The power of speaking tenderly seemed to have been given to him all at once; this and his calling her “Ida,” struck so upon the girl’s agitated feelings that she began to sob.
“Let me, let me go with you! I will forget everything—I will be your child—I will try to love you.—”
She was as weak as water, and would have sunk to the ground if Abraham had not given her his support just in time. He could not find words to soothe her, but passed his hand very tenderly over her head.
“We are losing time!” she exclaimed, forcing herself into an appearance of calmness. “Come at once.”
CHAPTER XXX
ELM COURT
In Beaufort Street they only learnt that Waymark had not yet been home. Thence they drove to the east, and stopped at a police-station, where Abraham saw the inspector. The latter suggested that Mr. Woodstock should go through all the houses which Waymark would have visited; if that search proved fruitless, the police would pursue the matter. Ida insisted on being allowed to accompanying him when the cab stopped at the end of Litany Lane. She gazed about her like one who had been suddenly set down in a new country; this squalor and vileness, so familiar to her of old, affected her strangely under the present conditions. The faces of people at whom she looked remained fresh in her memory for years after; the long confinement and the excitement which now possessed her resulted in preternatural acuteness of observation. Abraham spoke first with several people whom he had already questioned about Waymark, but they had heard nothing since.

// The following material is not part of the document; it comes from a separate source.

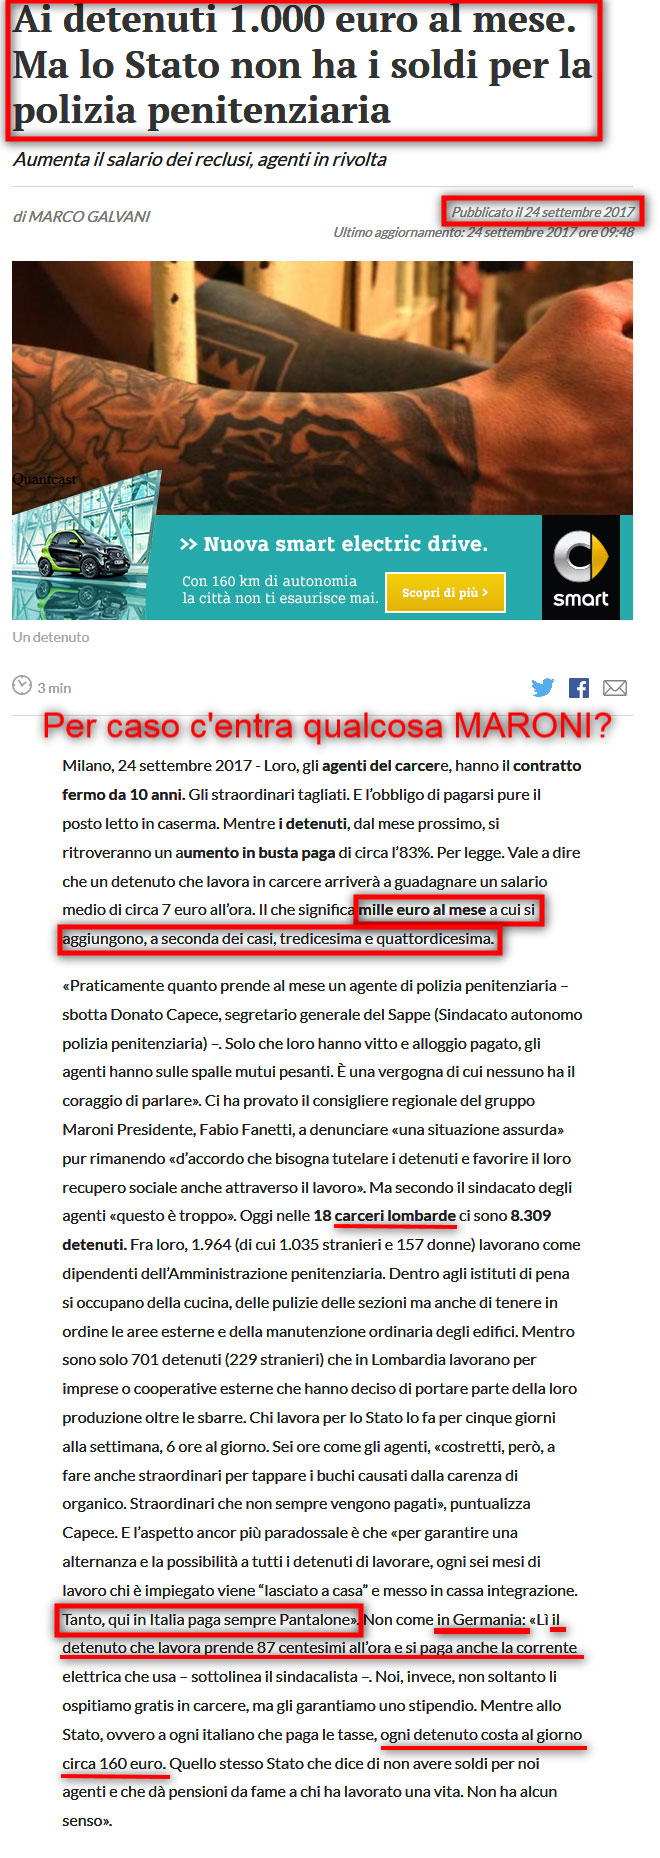 1.000 Euro ai carcerati più tredicesima e per i vecchi italiani di 65 anni non ci sono soldi neppure per meno di 500 Euro !!!
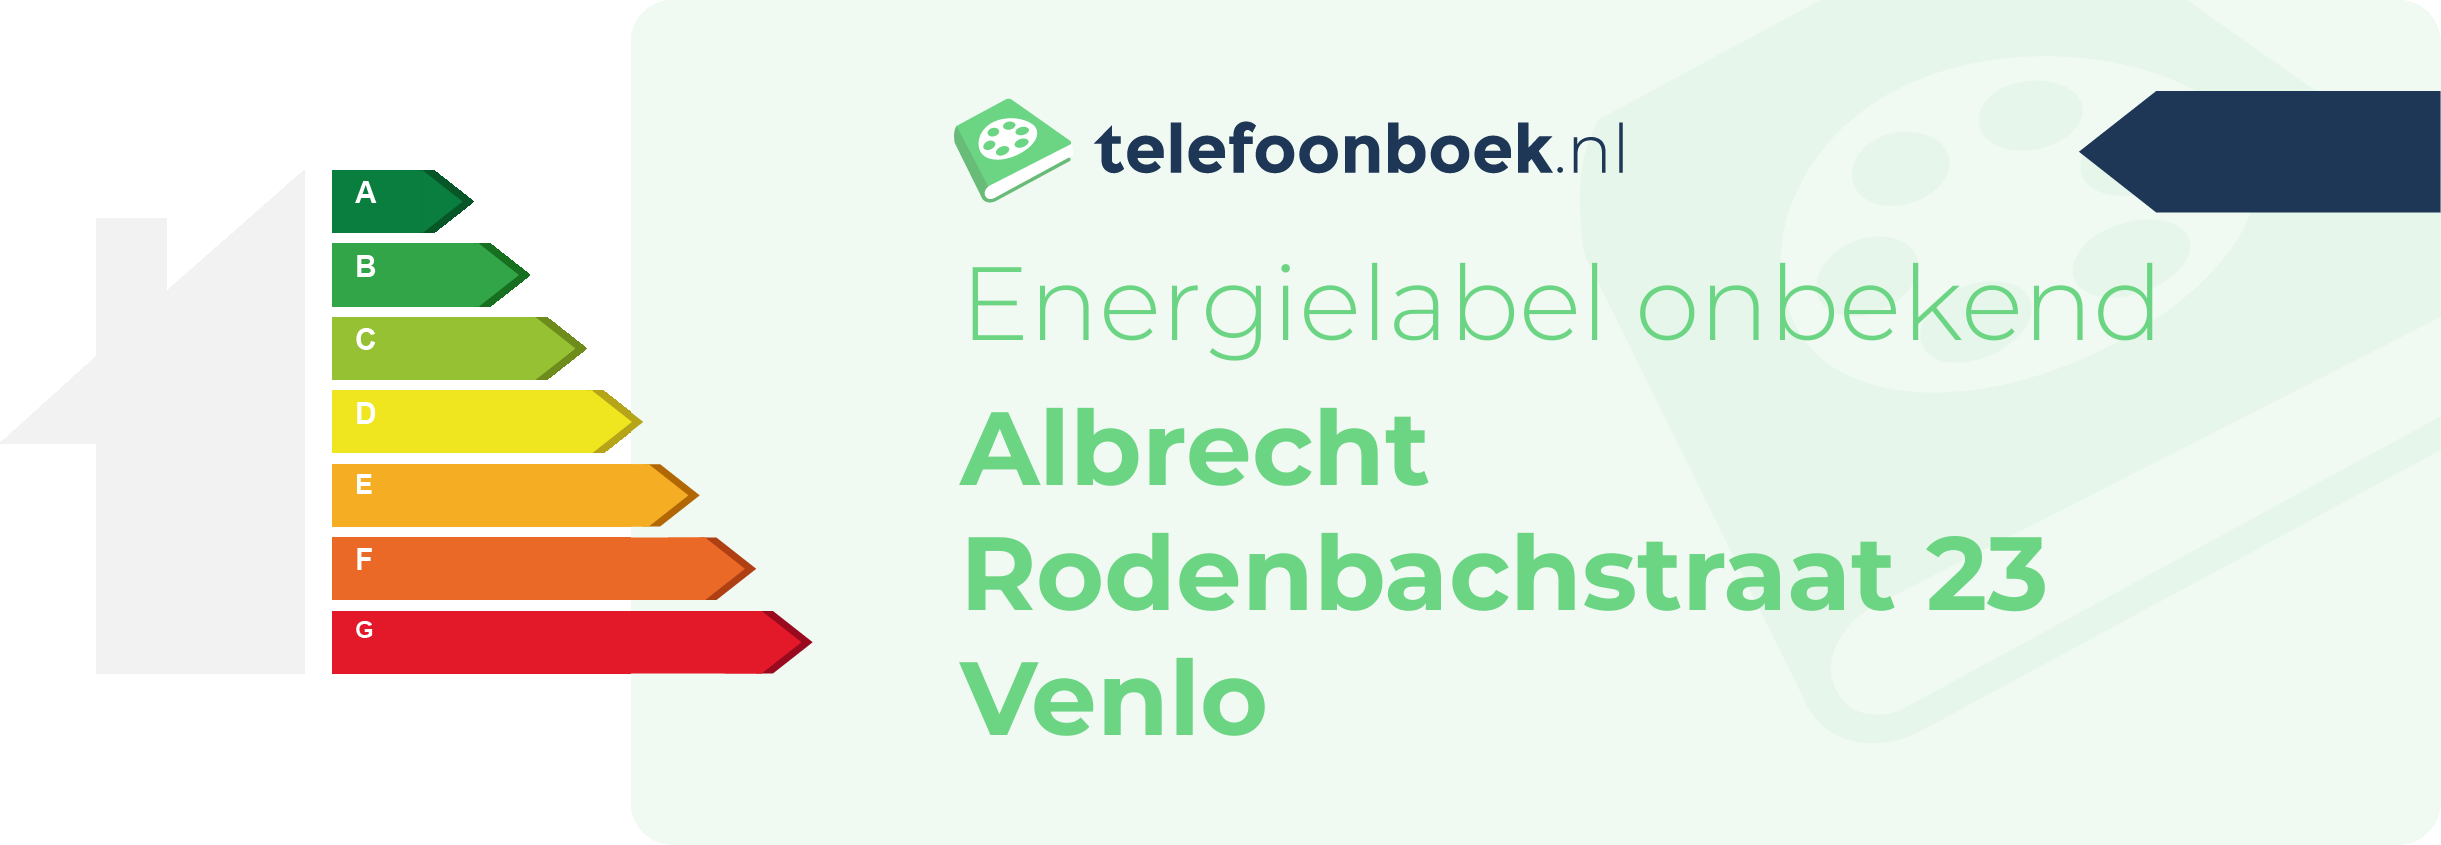 Energielabel Albrecht Rodenbachstraat 23 Venlo

“Are you strong enough for this?” he asked Ida. “Hadn’t you better go back to the cab and wait for me!”
“Don’t ask me to do that!” she entreated earnestly. “I must be active. I have strength now for anything.”
Just as she spoke, Mr. Woodstock became aware of a disturbance of some kind in a duty little tobacconist’s shop close at hand. There was a small crowd at the door, and the sound of wrangling voices came from within. Such an occurrence was too ordinary to suggest any special significance, but Abraham would not pass without making some inquiry. Begging Ida to stand where he left her, he pushed his way into the shop and listened to what was going on. A lad, well known in these parts as “Lushy Dick,” was, it appeared, charging the tobacconist with cheating him; he alleged that he had deposited half a sovereign on the counter in payment for a cigar, and the shopman had given him change as if for sixpence, maintaining stoutly that sixpence had been the coin given him, and no half-sovereign at all. When Mr. Woodstock entered, the quarrel had reached a high pitch.
“Arf a quid!” the tobacconist was exclaiming contemptuously. “I’d like to know where such as you’s likely to git arf a quid from.”
Lushy Dick, stung to recklessness by a succession of such remarks, broke out in vehement self-justification.